## [INPUT DATA]
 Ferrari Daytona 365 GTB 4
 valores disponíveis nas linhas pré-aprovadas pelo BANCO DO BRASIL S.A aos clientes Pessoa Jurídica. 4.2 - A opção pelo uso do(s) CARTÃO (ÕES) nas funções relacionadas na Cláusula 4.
* * *
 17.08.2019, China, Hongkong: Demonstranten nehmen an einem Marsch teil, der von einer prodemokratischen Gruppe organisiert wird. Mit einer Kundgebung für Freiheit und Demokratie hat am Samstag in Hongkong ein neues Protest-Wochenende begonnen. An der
---
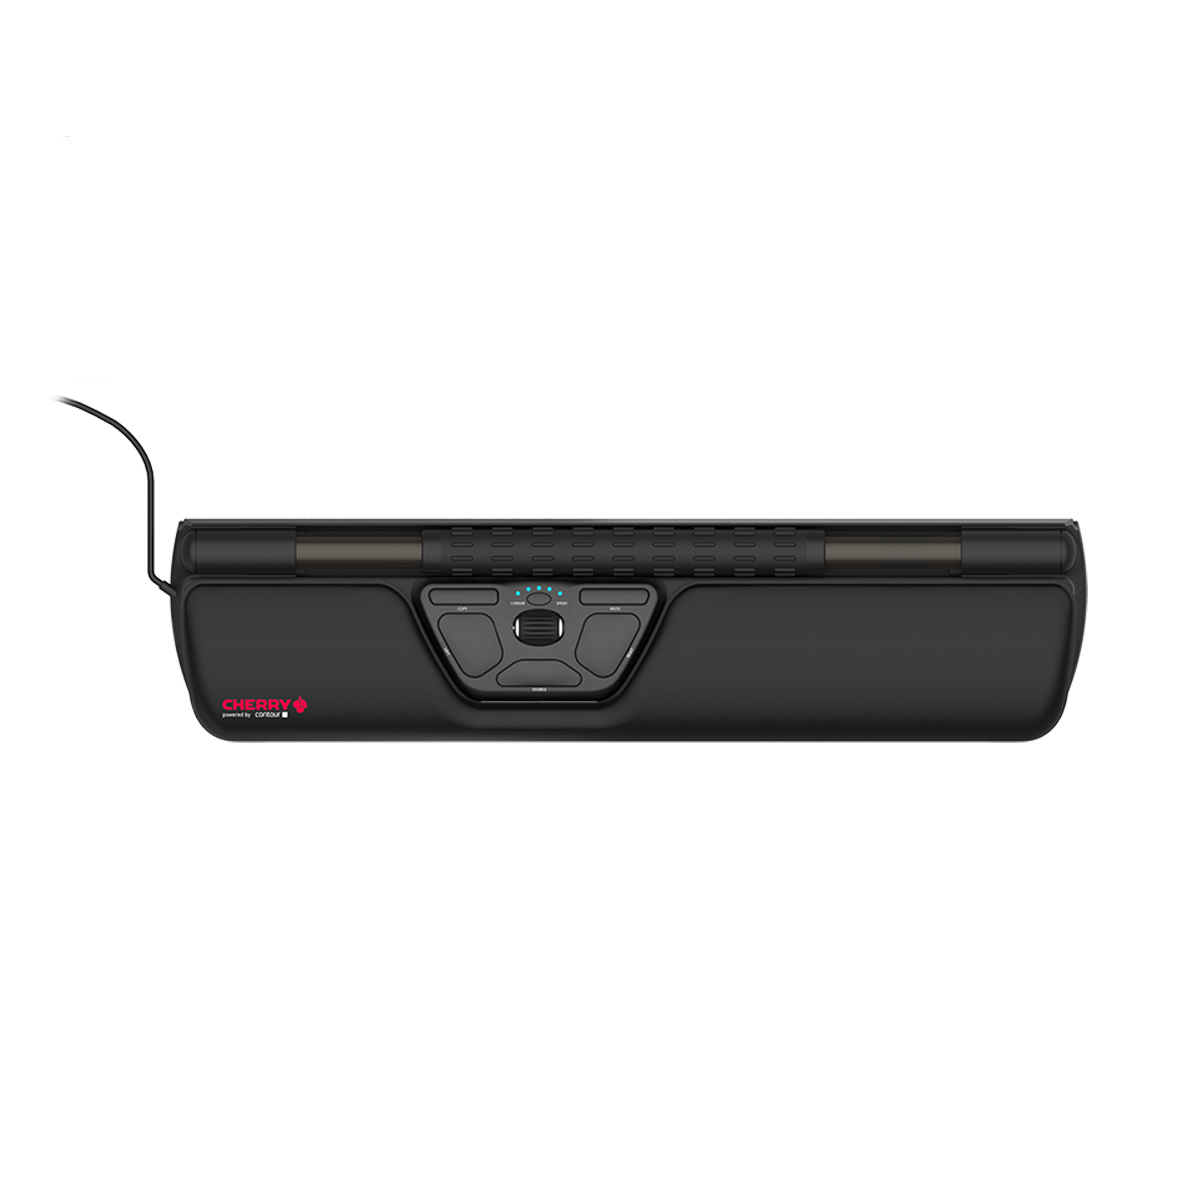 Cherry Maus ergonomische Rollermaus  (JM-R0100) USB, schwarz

## [AIM OF THE EXERCISE]
Everything above from the line with "Ferrari Daytona 365 GTB 4" to the line with "valores disponíveis nas", both included, must be repeated exactly, and nothing outside that range.

## [WRITTEN RESPONSE]
 Ferrari Daytona 365 GTB 4
 valores disponíveis nas linhas pré-aprovadas pelo BANCO DO BRASIL S.A aos clientes Pessoa Jurídica. 4.2 - A opção pelo uso do(s) CARTÃO (ÕES) nas funções relacionadas na Cláusula 4.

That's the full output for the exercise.